Hong Kong Radio's program quality is quite good. One of the programs "five thousand years of China" shows historical stories in the form of sitcoms and narratives. From the legendary era to the Republic of China, it was first broadcast in 1983 to 2000. It is a very long-lived program. The voice of the version that can be found online is very fuzzy, but all the programs can be listened to online on its website of "five thousand years of China online". Although you can listen online, you need science to go online, and you can't continue listening after the online listening is interrupted. It's hard. Therefore, I think of using the crawler from Python to download all the programs and listen slowly.
Analyze Html page
Open the review element in the browser to find the link tag of the audio, and find that the links are all in the a tag of class. Listen button. Just navigate to the tag, take out text as the file name, and use href as the download url.
code implementation
The code is very simple.
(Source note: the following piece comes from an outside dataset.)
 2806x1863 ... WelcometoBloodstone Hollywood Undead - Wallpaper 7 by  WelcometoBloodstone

First, the main structure is as follows:
''' //Download 5000 years of China ''' from bs4 import BeautifulSoup import requests,urllib,re import time import aiohttp import asyncio import os async def main(): start_page = 1 while True: url = 'http://rthk9.rthk.hk/chiculture/fivethousandyears/subpage{0}.htm'.format(start_page) soup = await getUrl(url) #take html content if not soup.title: return #Until nothing exits title = soup.title.text title = title[title.rfind(' ')+1:] listenbutton = soup.select(".listen-button") #Find out all.listen-button Class labels #according to title Create the corresponding folder rootPath = './Five thousand years of China/' if not os.path.exists(rootPath + title): os.makedirs(rootPath + title) for l in listenbutton: if l.text != "": href = l['href'] filename = str(title) +'_' + str(l.text) if filename.find('Ad') > -1 await download(filename=filename,url=href,title=title) #Download voice
start_page += 1 #next page asyncio.run(main())
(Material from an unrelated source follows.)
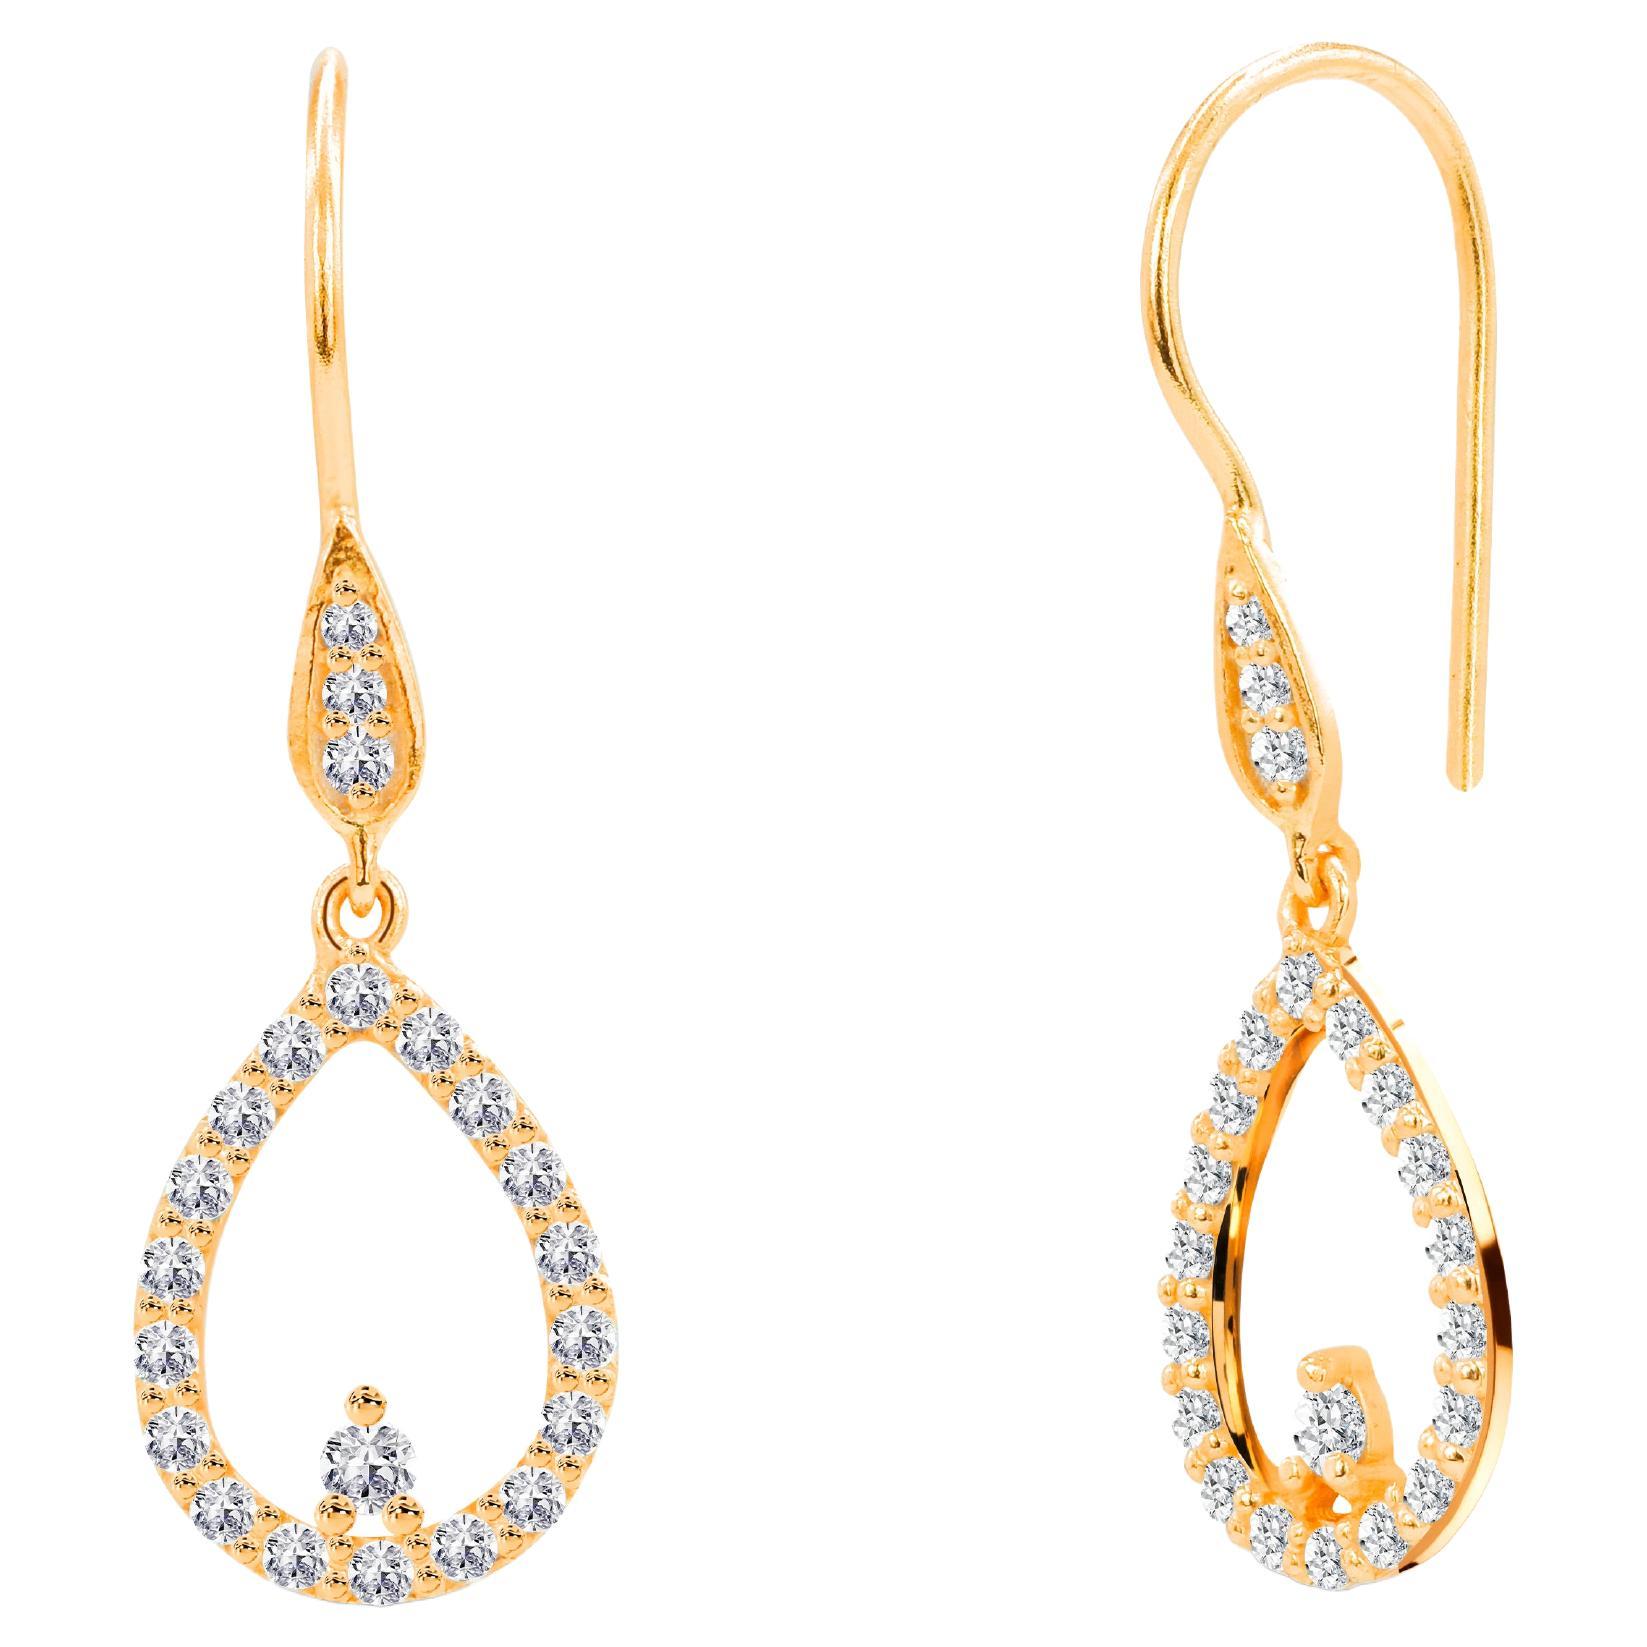 0.43ct Diamond Pear Shaped and Solitaire Diamond Dangle Earrings in 18k Gold

Where asynchronous function (coroutine) getUrl:
async def getUrl(url): async with aiohttp.ClientSession() as session: #Due to need science Online, so you need a local agent async with session.get(url,proxy='http://127.0.0.1:1080') as resp: wb_data = await resp.text() soup = BeautifulSoup(wb_data,'lxml') return soup
download voice function asynchronously:
async def download(url,filename,title): file_name = './Five thousand years of China/{0}/{1}'.format(title,filename + '.mp3') async with aiohttp.ClientSession() as session: async with session.get(url,proxy='http://127.0.0.1:1080') as resp: with open(file_name, 'wb') as fd: while True: chunk = await resp.content.read() if not chunk: break fd.write(chunk)
Thanks to the asynchronous IO mode, you can download one page soon.